PROVIDED DATA
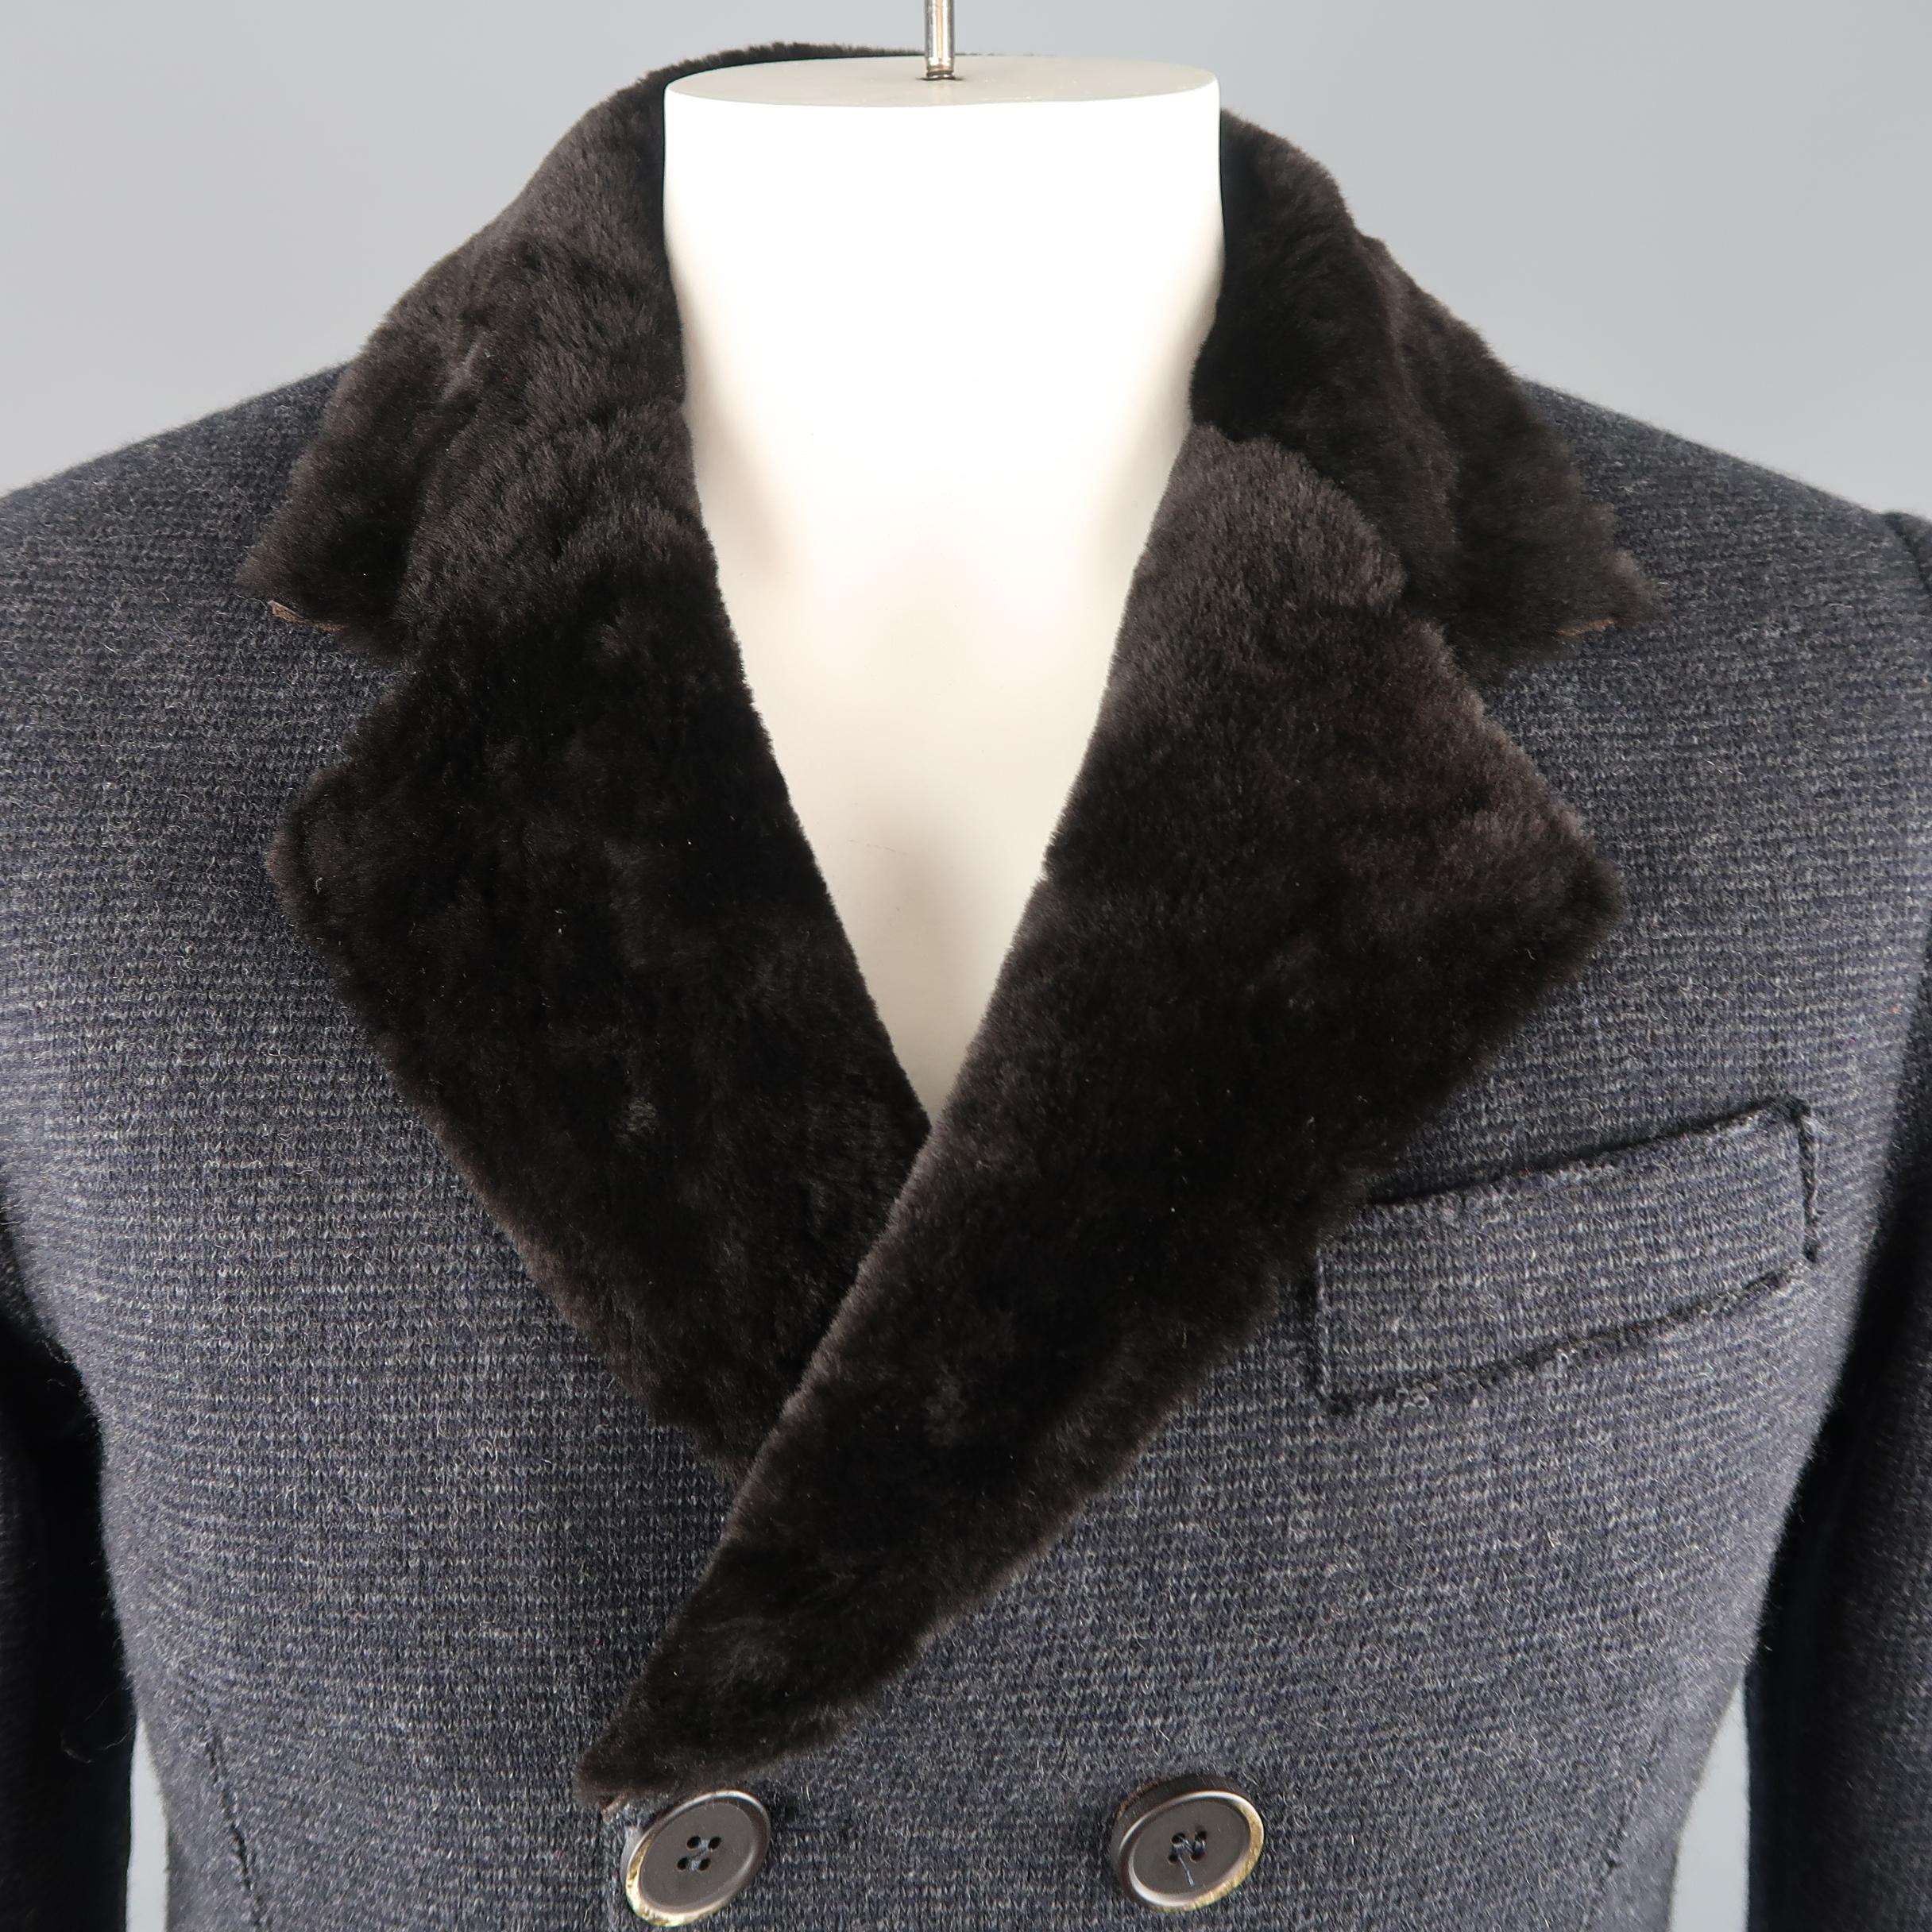 GMS-75 over coat comes in navy and gray wool blend knit fabric with a double breasted button up front, flap pockets, suede elbow pads, brown shearling lapel, and faux fur liner.
 
Excellent Pre-Owned Condition.
Marked: (no size)
 
Measurements:

EXERCISE PROMPT
Write out the material above exactly; no pictures.

SOLUTION FOR THIS TASK
 GMS-75 over coat comes in navy and gray wool blend knit fabric with a double breasted button up front, flap pockets, suede elbow pads, brown shearling lapel, and faux fur liner.
 
Excellent Pre-Owned Condition.
Marked: (no size)
 
Measurements:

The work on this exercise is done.